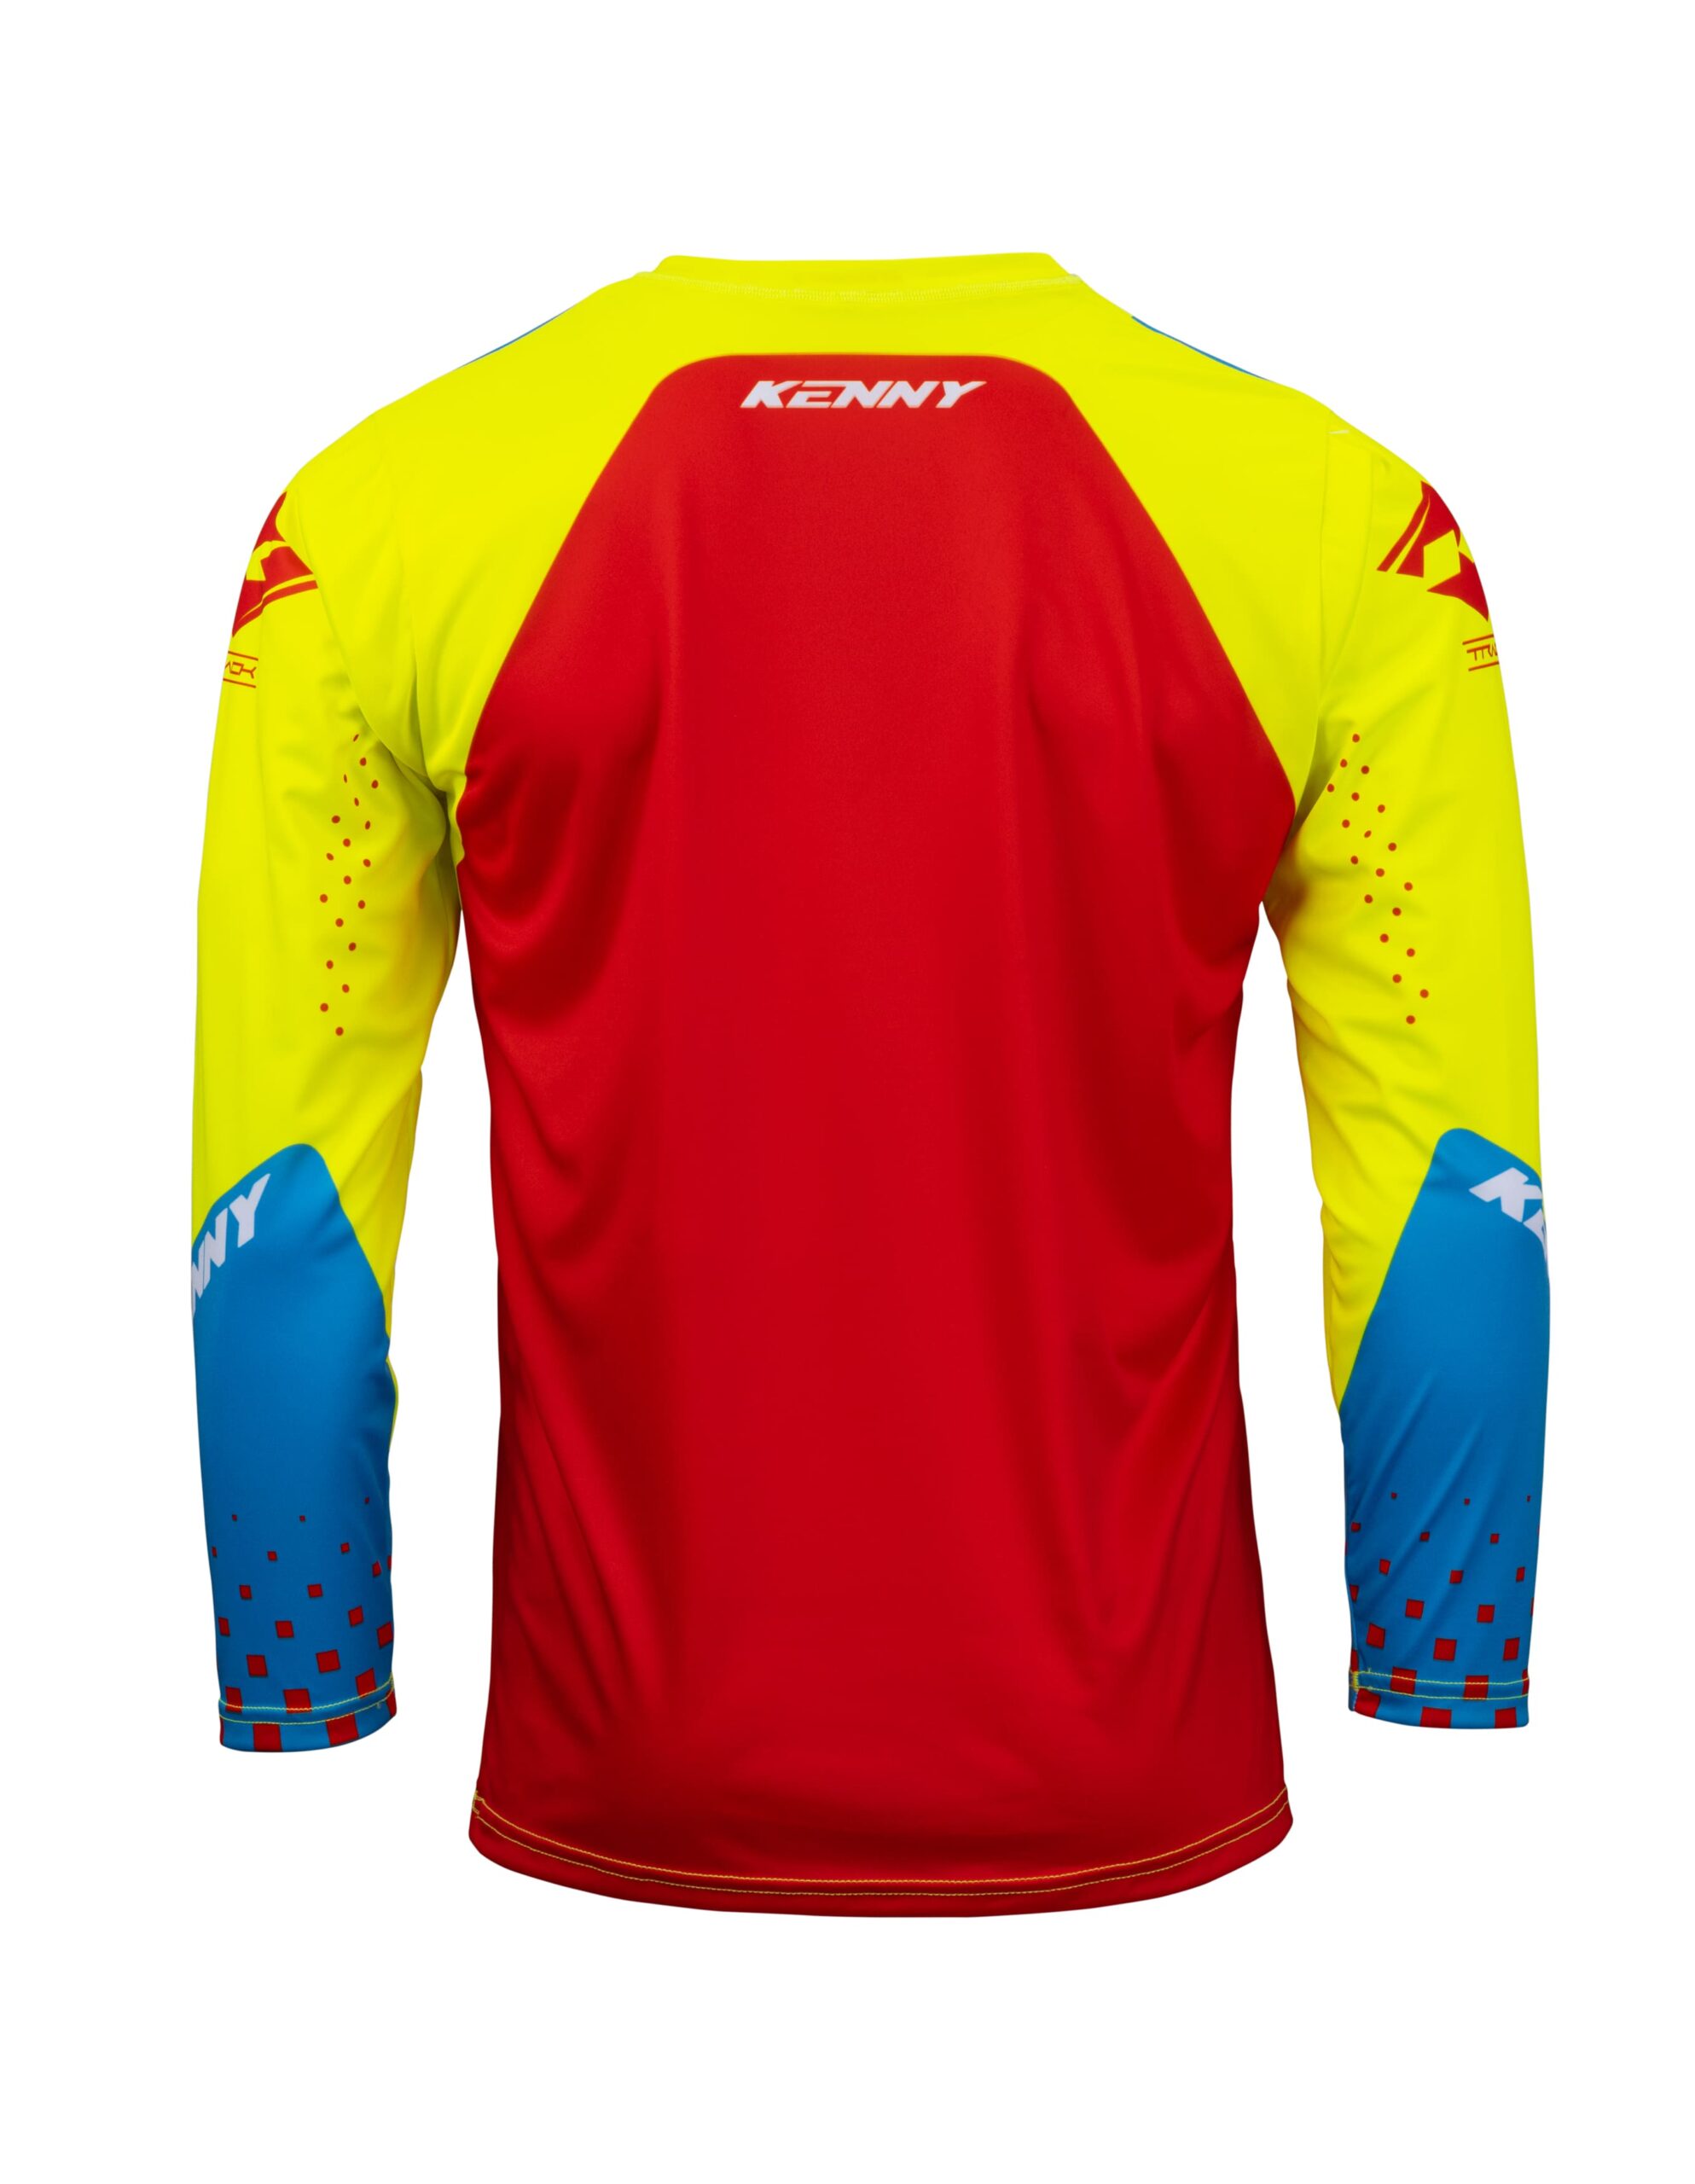 maillot_motocross_kenny_track_focus_neon_yellow_red(15)
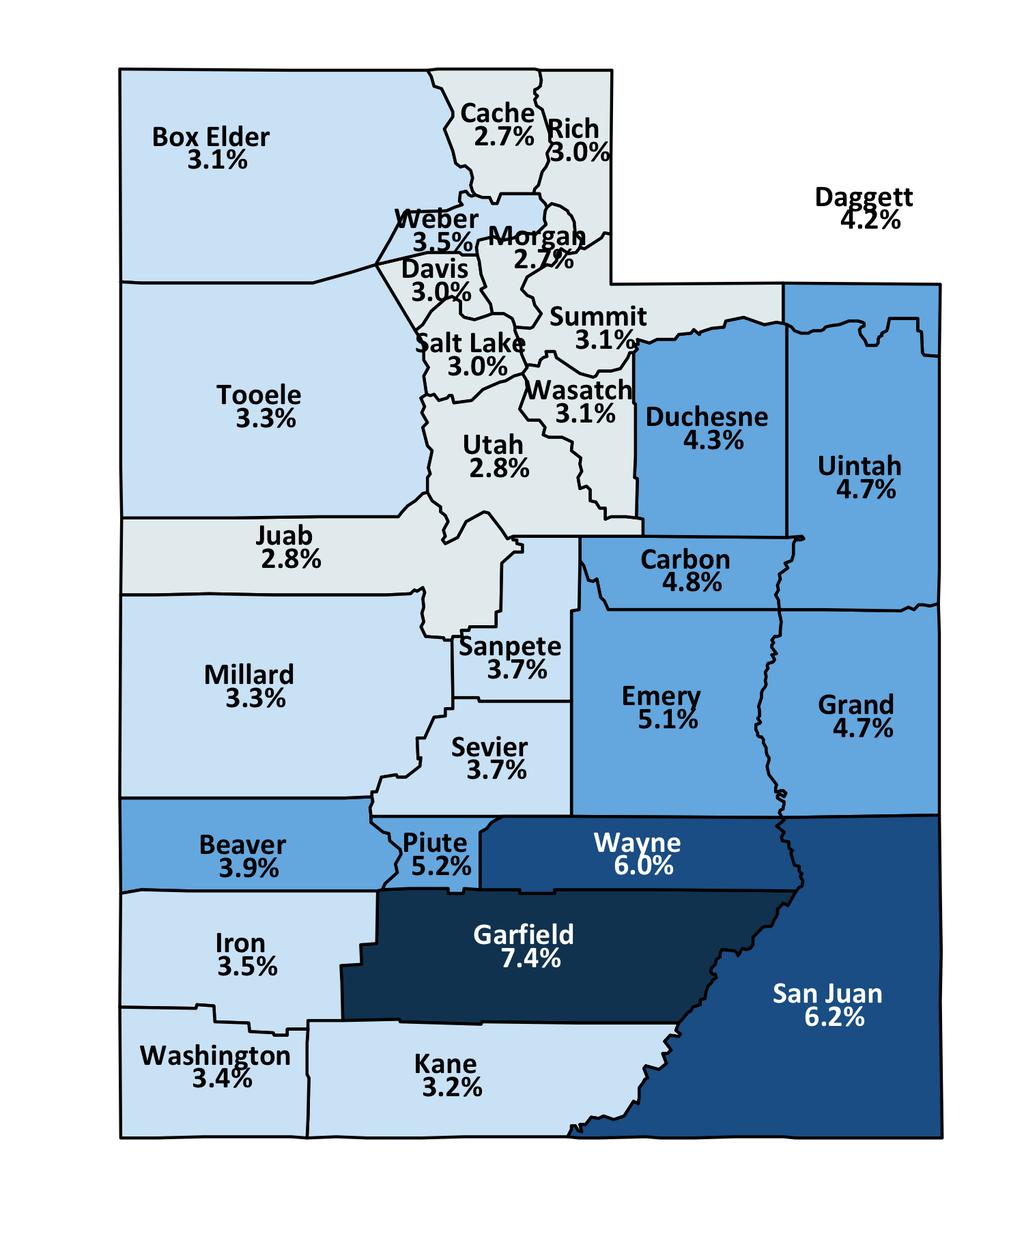 Utah Unemployment Rates By County April 2018 State Rate = 3.1% 7.0% + 6.0% to 6.
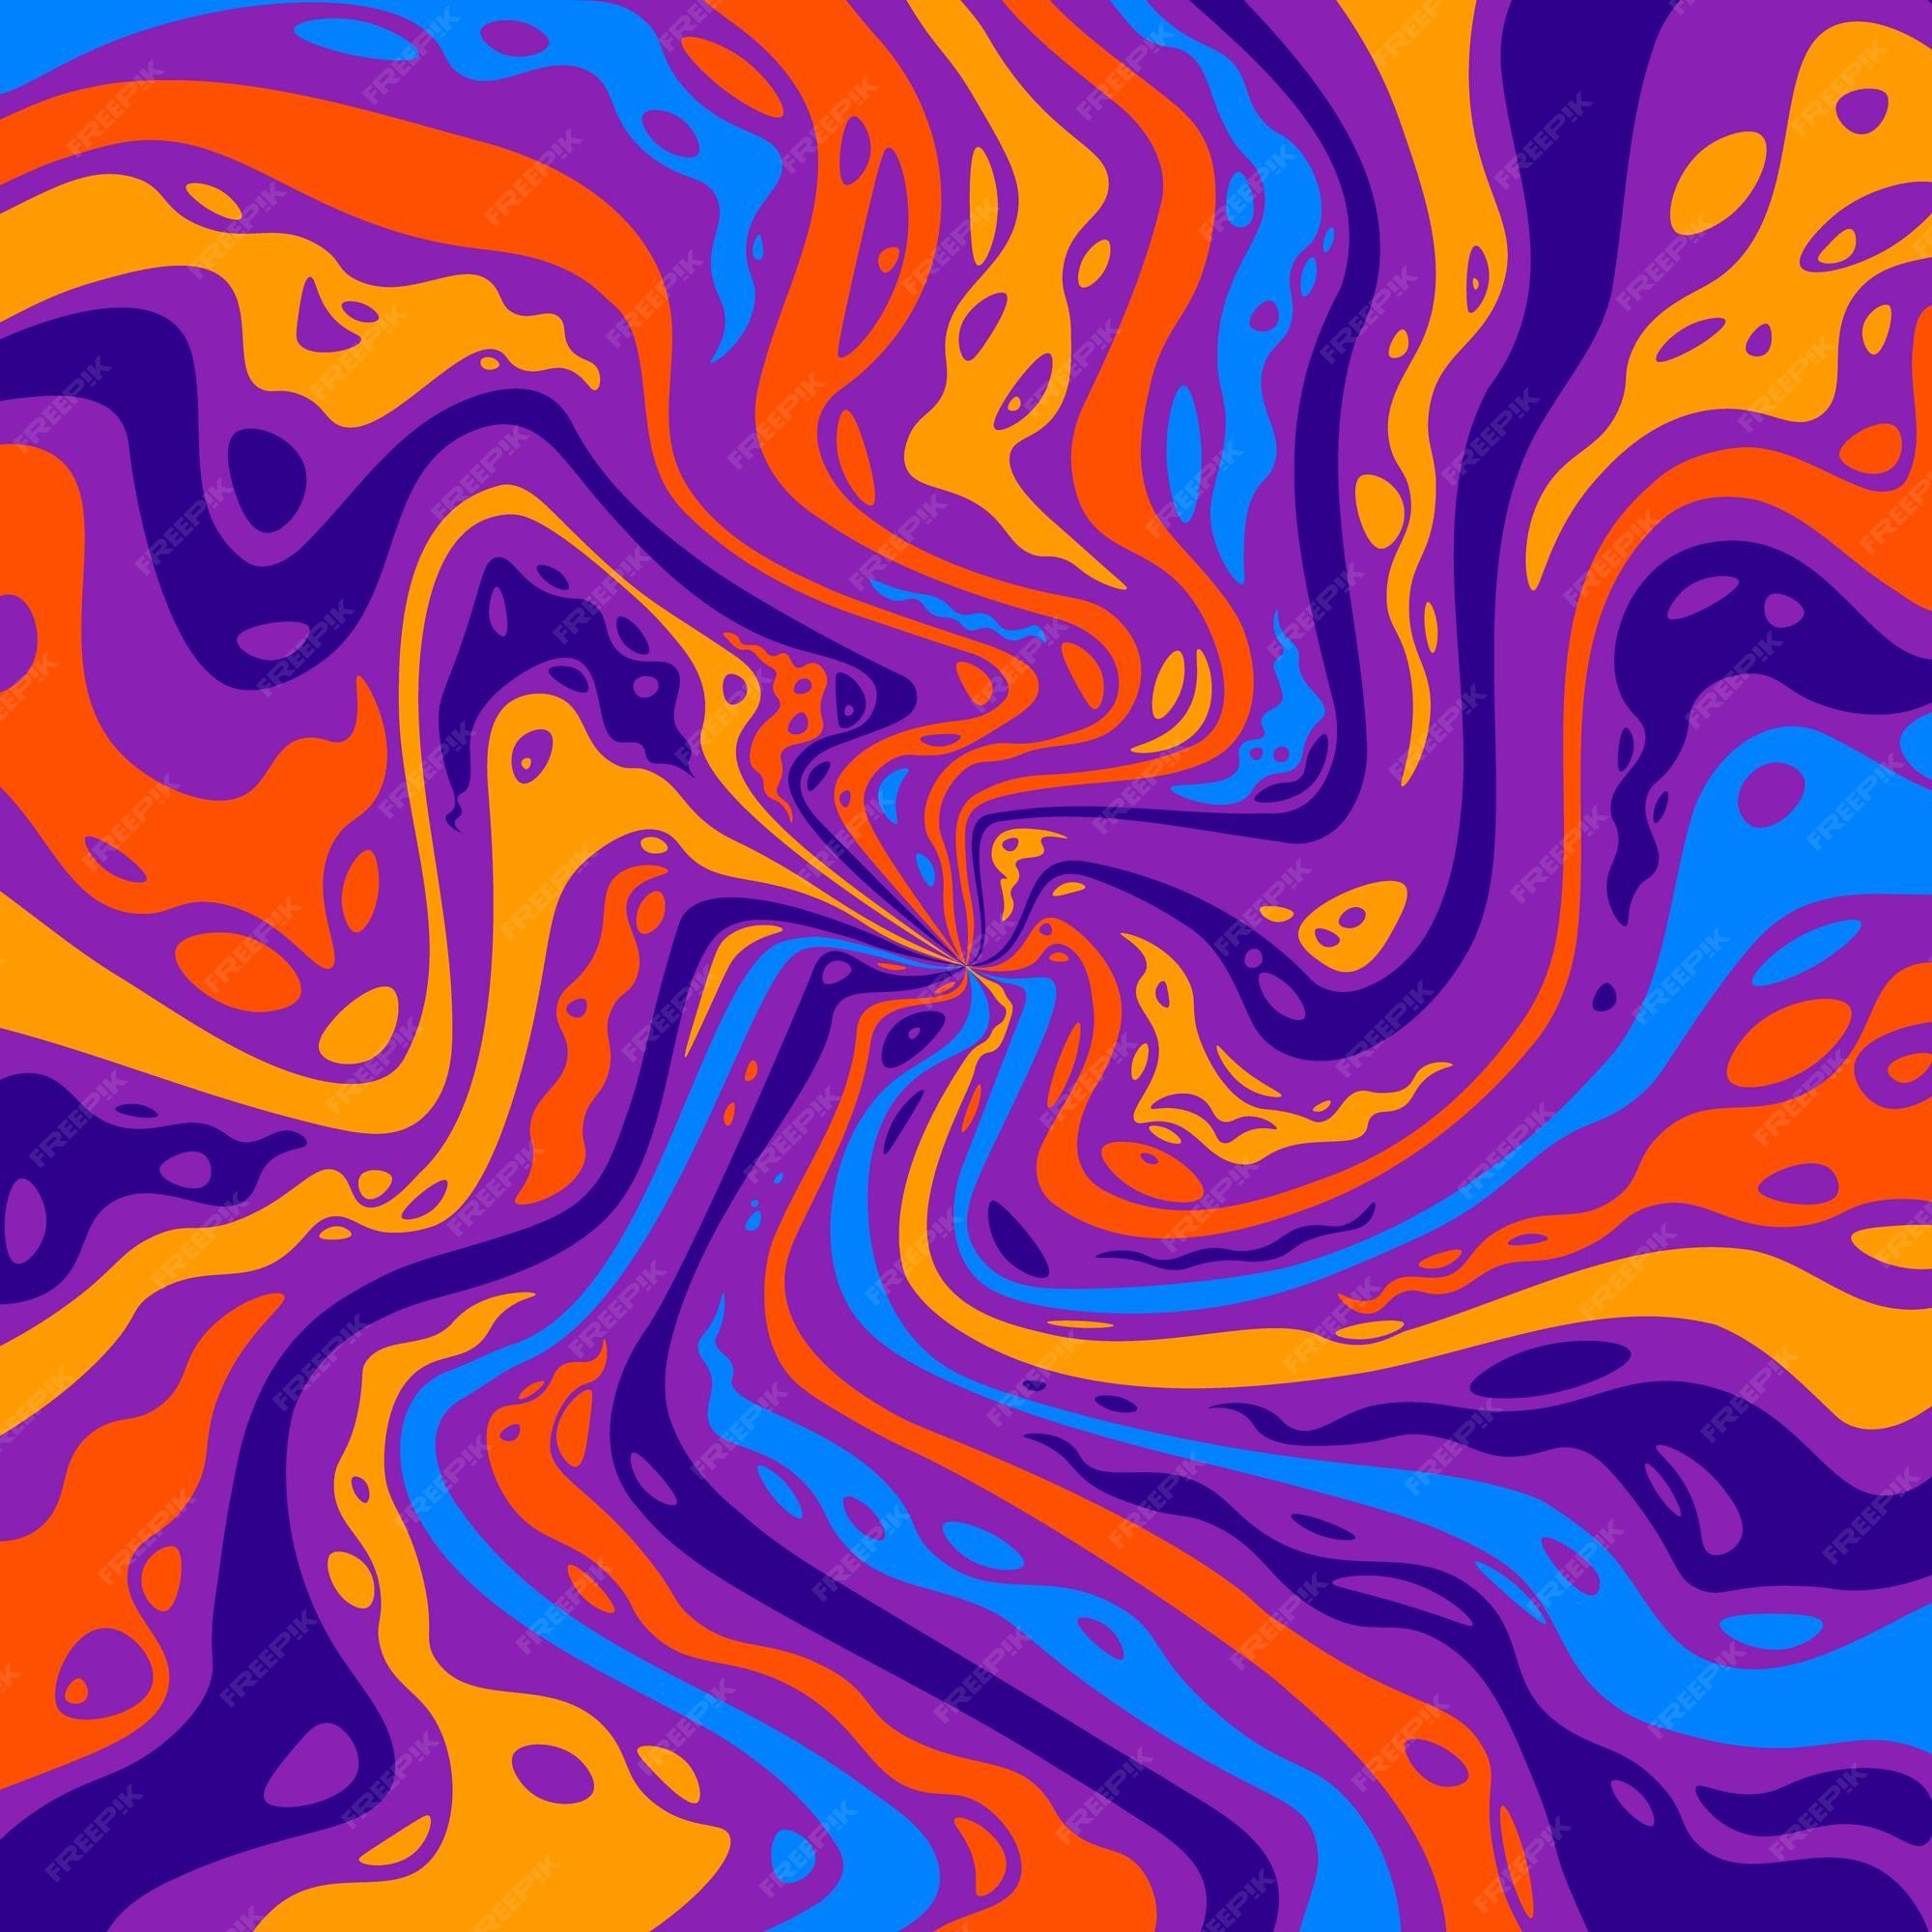 An abstract image of swirling lines in purple, orange and blue - Psychedelic

----------------

What to produce >> Reproduce exactly and only the lines from the line that contains "Utah Unemployment Rates" to the end of the data above, both ends included. No pictures go in the copy.

Result of this exercise >>
 Utah Unemployment Rates By County April 2018 State Rate = 3.1% 7.0% + 6.0% to 6.
 An abstract image of swirling lines in purple, orange and blue - Psychedelic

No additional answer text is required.